Strategies and Considerations
Use tomatoes as part of your weight-loss plan by juicing whole, ripe tomatoes for a healthy, sodium-free tomato juice, adding thinly sliced tomatoes to turkey or vegetarian burgers or using tomatoes in soups. If using canned or jarred tomato products, look for products with little or no sodium.

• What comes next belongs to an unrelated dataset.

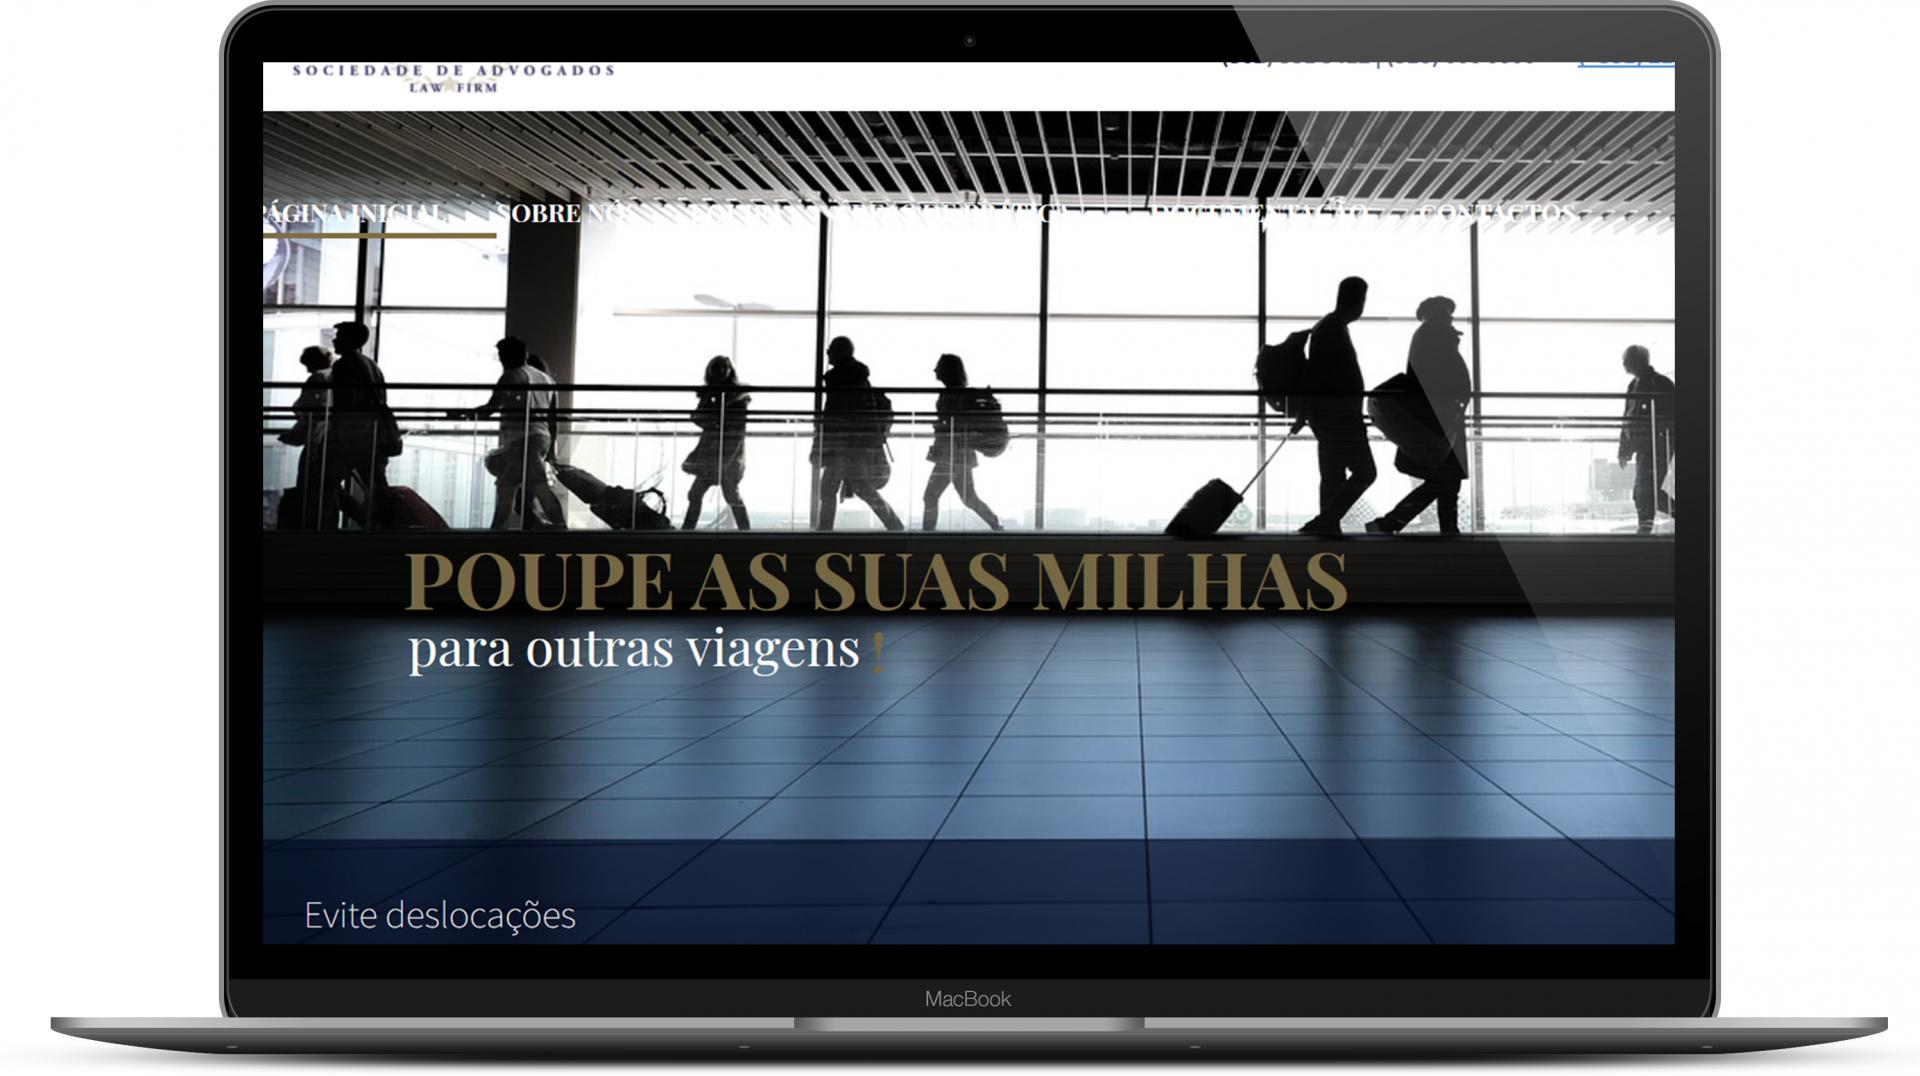 WEB SITE Advogados DESIGN Lisboa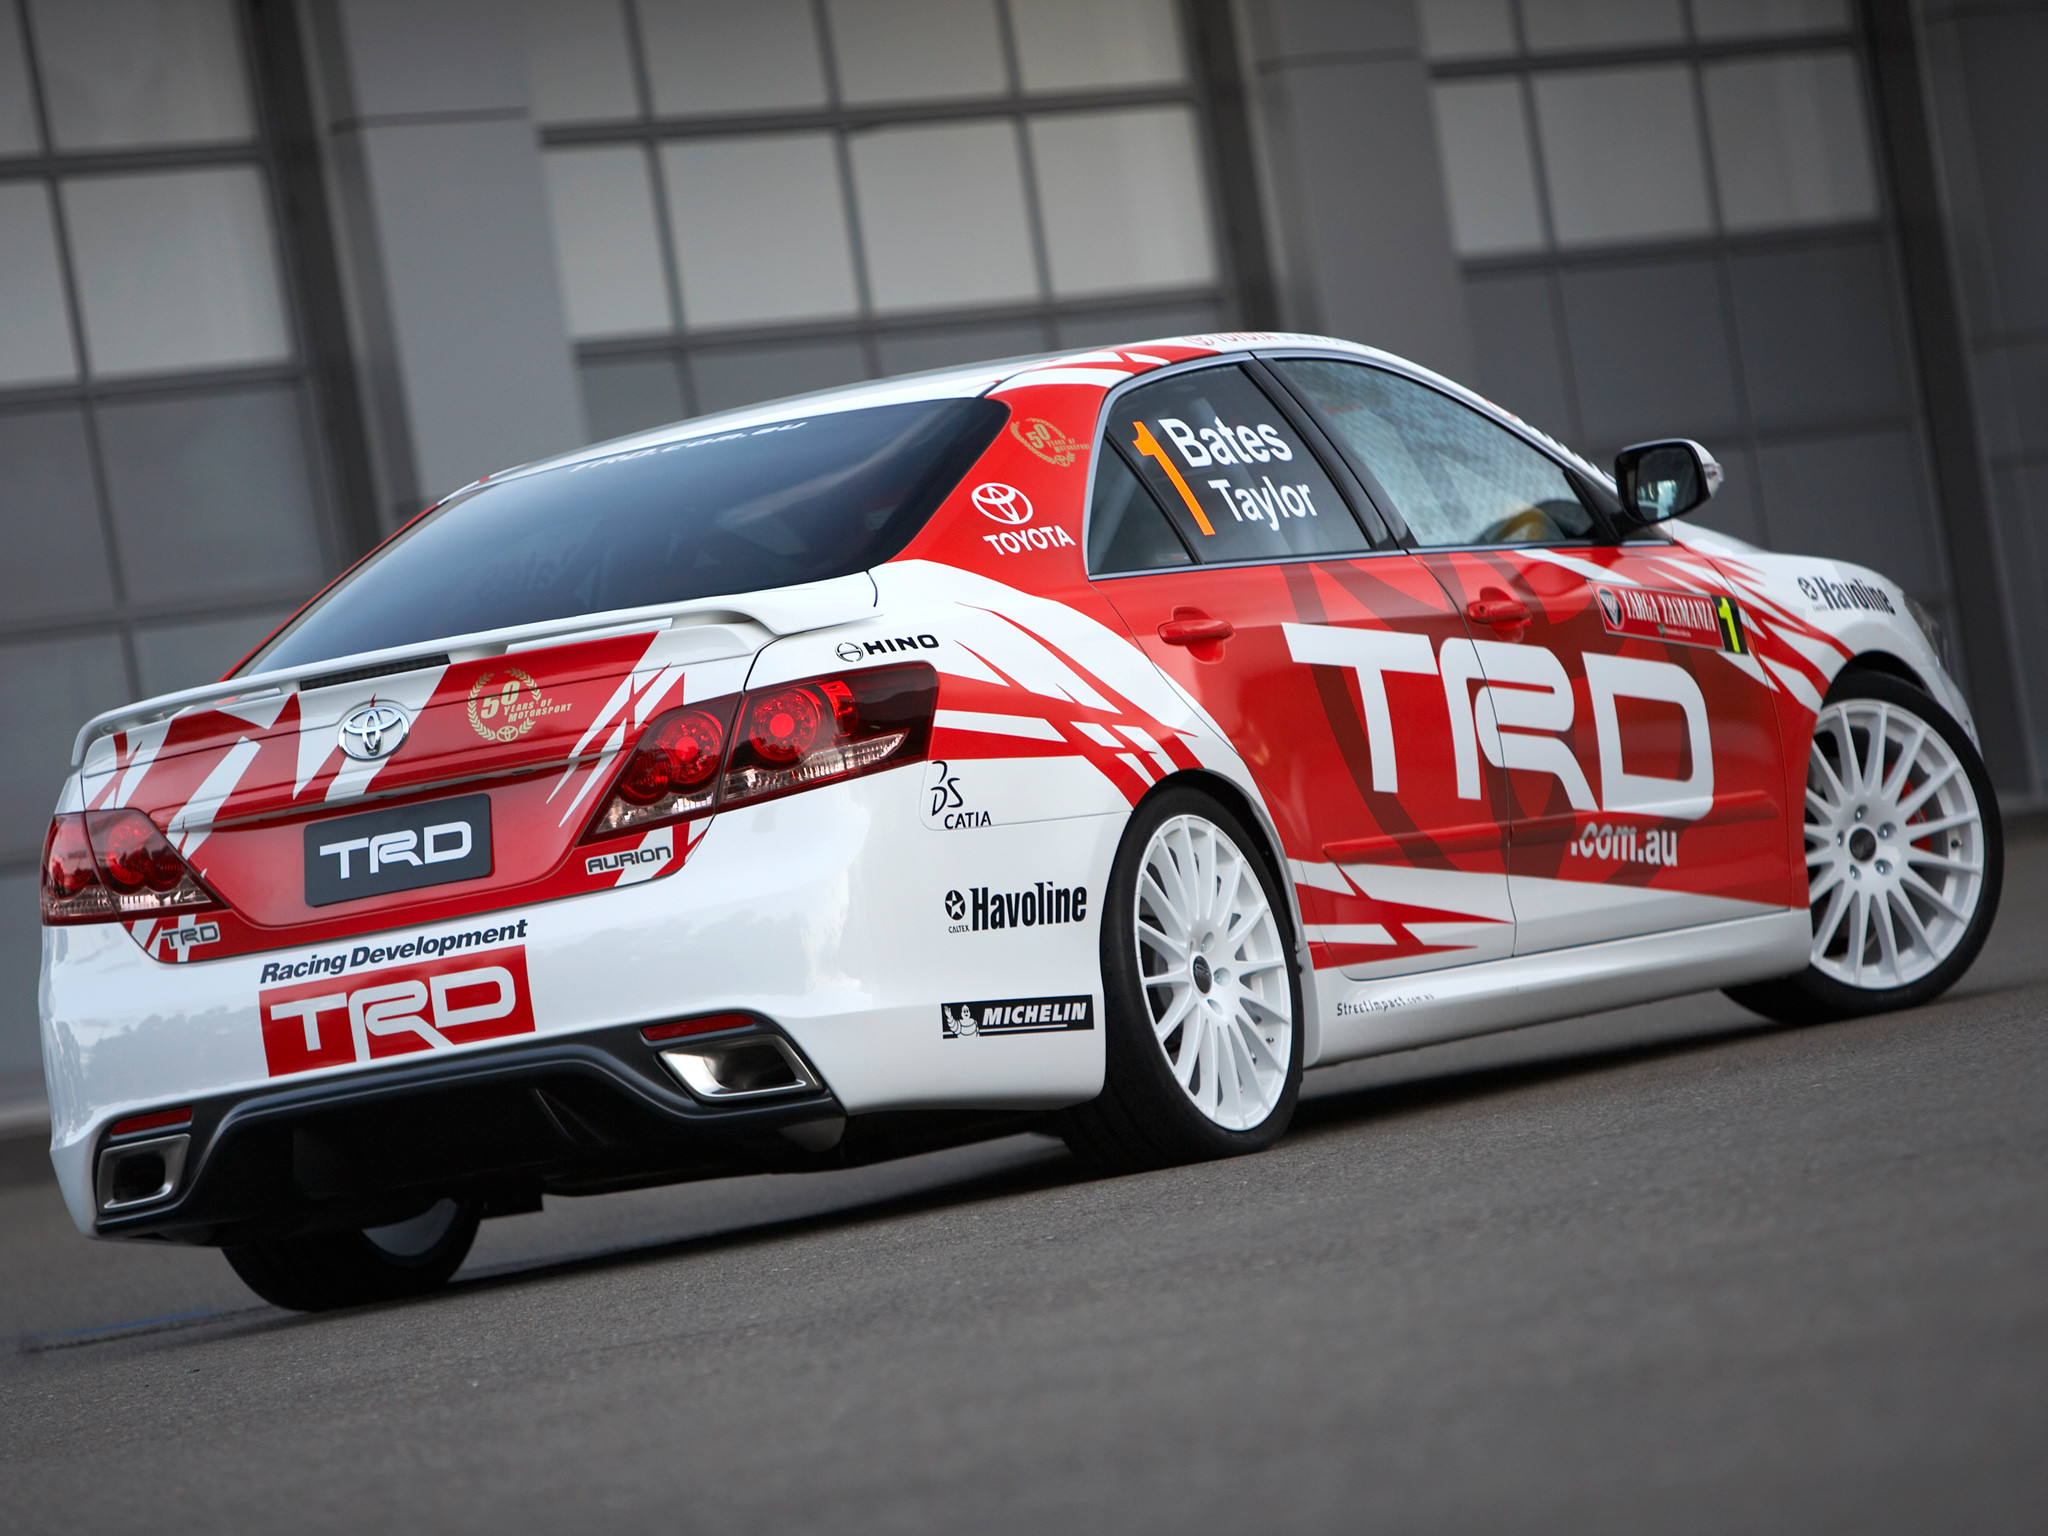 2007 TRD Toyota Aurion Race XV40 racing tuning e wallpaper | |  126005 | WallpaperUP

Add an extra cup of diced tomatoes to spaghetti sauce instead of ground beef, generously sprinkle your green salad with finely chopped tomatoes or eat a tomato and fat-free mayonnaise sandwich for lunch.
Tomatoes with Rice Recipe
- 2 small tomatoes, about 1/2 pound, peeled
- 2 tablespoons butter
- ⅓ cup finely chopped onion
- ½ teaspoon finely minced garlic
- One cup of raw rice
- 1 ¼ cups water
- One bay leaf
- Salt to taste if desired
- Freshly ground pepper to taste
- Slice tomatoes and cut into small dice. There should be about a cup.
- Heat one tablespoon of butter in a saucepan and add onion and garlic. Cook, stirring until wilted. Add tomato and stir.
- Add rice and stir.
- Then add water, bay leaf, salt, and pepper.
- Bring to a boil and cover closely.
- Let simmer 17 minutes.
- Remove bay leaf and stir the rice.
- Stir in remaining tablespoon butter and serve.